Two weeks ago Pam Frampton penned a letter to her 19 year old self that held many strong messages we can all relate to (Pam's fantastic column can be found here: https://www.thetelegram.com/opinion/columnists/pam-frampton-a-letter-to-my-19-year-old-self-247701/)
Upon reading I found myself thinking, "What a wonderful exercise." Reflection can be a brilliant, or a painstaking tool, and I like to believe we all have much to learn from it.
And then I wondered, "What would I tell 19 year old me now?"
Look around - these people around you are diverse, and all have a part in your life that shapes you. By the time you are 36 most of them will be gone. You will reflect, they will pop up in memories sometimes, or in stories in rooms when you are talking about the past. They will go. Very few will remain. But soak them all up now, their words and experiences.

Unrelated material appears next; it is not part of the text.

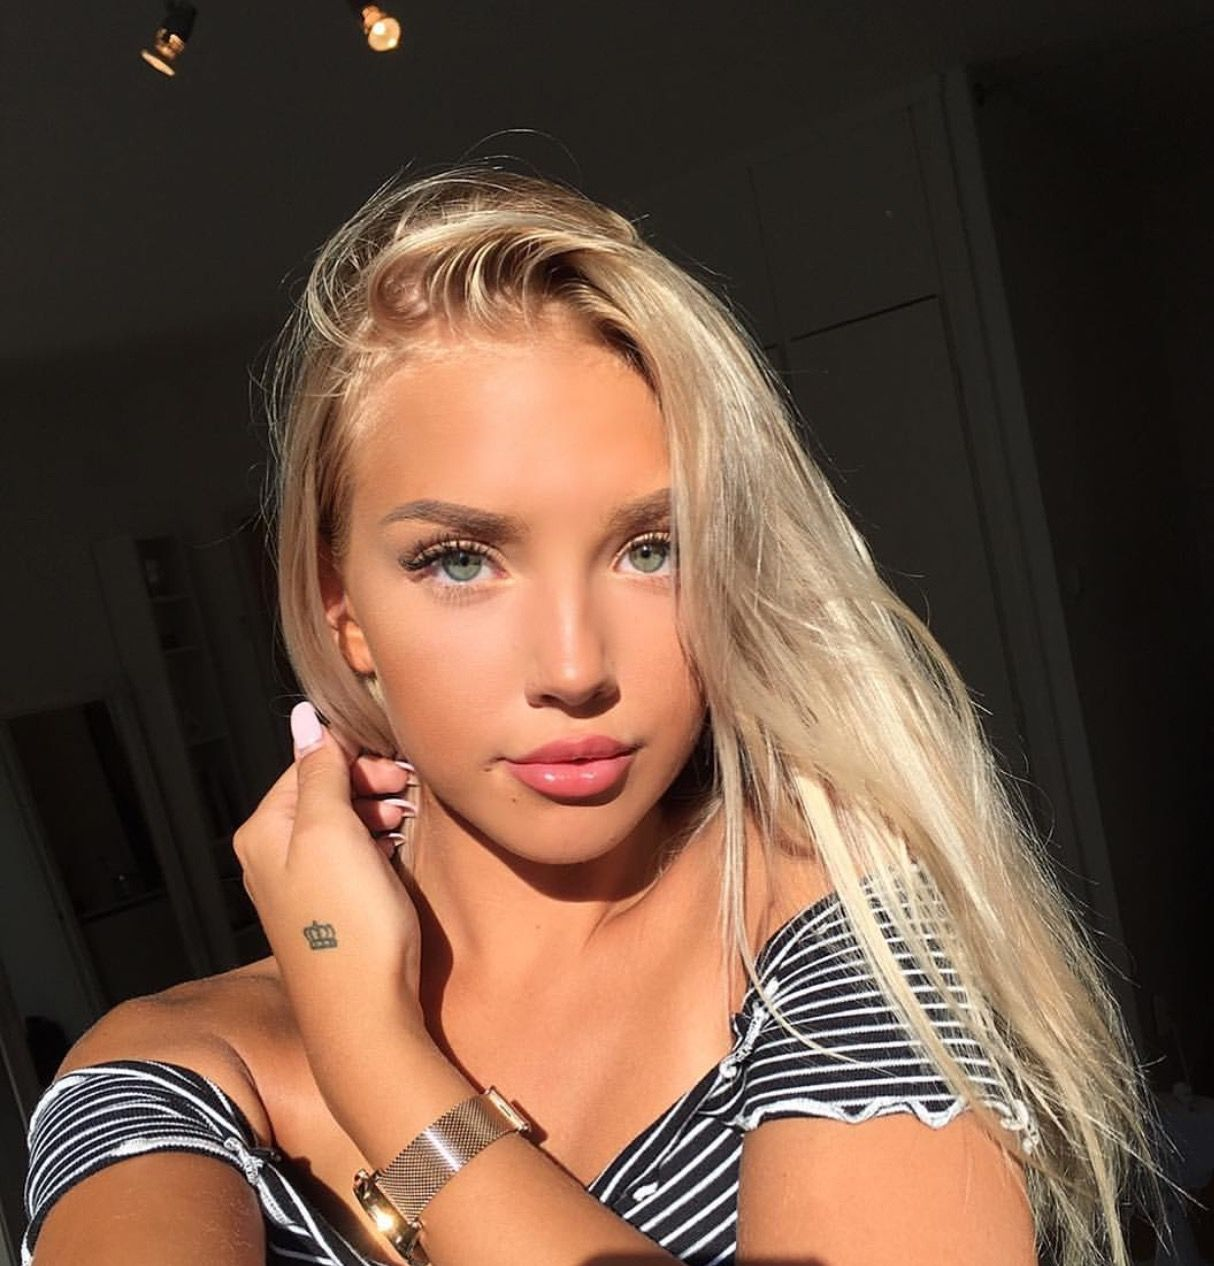 Pin By Cute Babx On Instagram Photos Pretty Blonde Girls Pretty
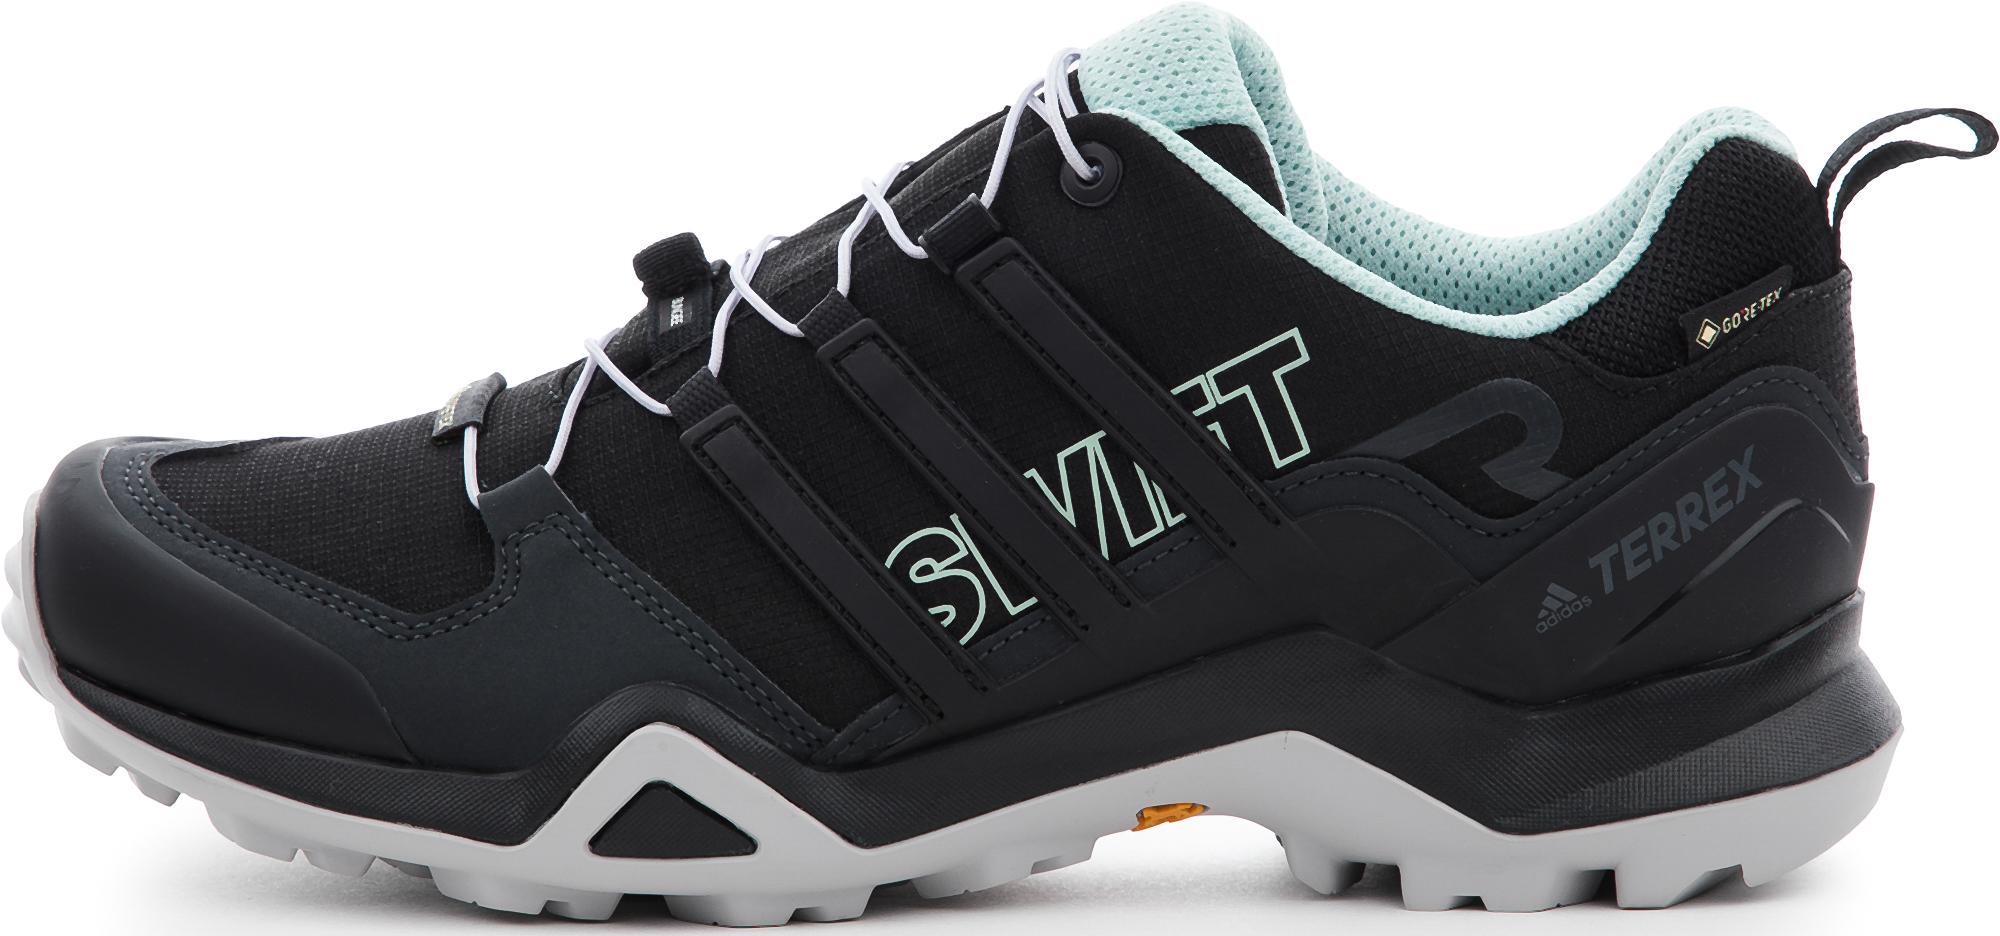 Adidas Полуботинки женские Terrex R2 GTX, размер 40

You will leave him. It is coming soon, and you will hit your breaking point, walk away and say no more. You will heal, and you will use this as fuel for so much in your life. The abuse stops now, and it will make you fierce.
Stay true to yourself. You owe nothing to anyone. No matter how many people tell you how you should be, what you need to change, how you should shape yourself to fit their ideals - do not. Stick to who you are and embrace it. You will not always be everyone's cup of tea, but that is okay and you will learn to accept that. Those who cannot accept you are not worth your energy.
There are bad people in this world. You will find many, but you will learn lessons from them all to take you through the rest of this messy life. Even when you sit and feel duped, at times when you think you have it all figured out, just remember - learn. Take the experience. Sometimes the hurt will burn like a thousand fires, and only you can put them out.
You will not finish your academic career as a forensic anthropologist. I know, right? Crazy. You will actually realize what a huge part of your person and being the fishery is and will dedicate your life to the industry that has sustained your family and community for decades. I know you might not believe me, but it is true. And you will realize that the things you have taken for granted deserve your energy now.
Mom and dad will be your best friends. I know it is hard to fathom now, but you have just moved out and are experiencing your freedom for the first time. Everything will come full circle. Appreciate them and all they have to give you. Listen to the stories, their experiences. They are usually right, even though your stubborn pride will often not let you believe it.
What makes you different are all qualities that will bring you to understand yourself, eventually. You will grow into the quirks, the stubbornness, the one liners, the chewed nails, lack of makeup and the entirety of who you are. People will criticize, they will judge and they will try to change you. To those people you say, "Fuck off," and keep doing you.
Oh, and you will be a part of so many wonderful hockey teams that your love of the sport will turn into a massive part of your life. You will meet so many people, laugh until you hurt, and will once again find that comradeship you had to leave behind when you were no longer a DC Destroyer. You will be 36, the sorest person on earth, but every time you lace up you will be in your happy place.
And finally, you will never fit the ideals laid out for how and who you should be - and that is okay. It is easy to look at your life and wonder why it does not look like others, but it is good and you will be okay. That small apartment on Colville will turn into a small apartment on Freshwater, Malta, Abbott, Terra Nova, a house you will leave due to a failed relationship, and other small apartments. Relationships fail, friendships end, and life circumstances change. Through it all, you persist.
You land your dream job. You are loved by two little furbags who adore you. There is hurt, there are hardships, but you gain the tools to work through it all over the next 17 years. And there are good people who come along. Wait for them.
Keep your head up, kid.
Keep pushing, keep asking questions, keep challenging when something does not seem fair or right, and use the voice you find. You will find it very shortly. You have been finding it for a while now (thanks, Mr. Broderick!)
And, most of all, remember what one of your mentors will post one day that will stick with you: "This living, it is messy, but it is beautiful."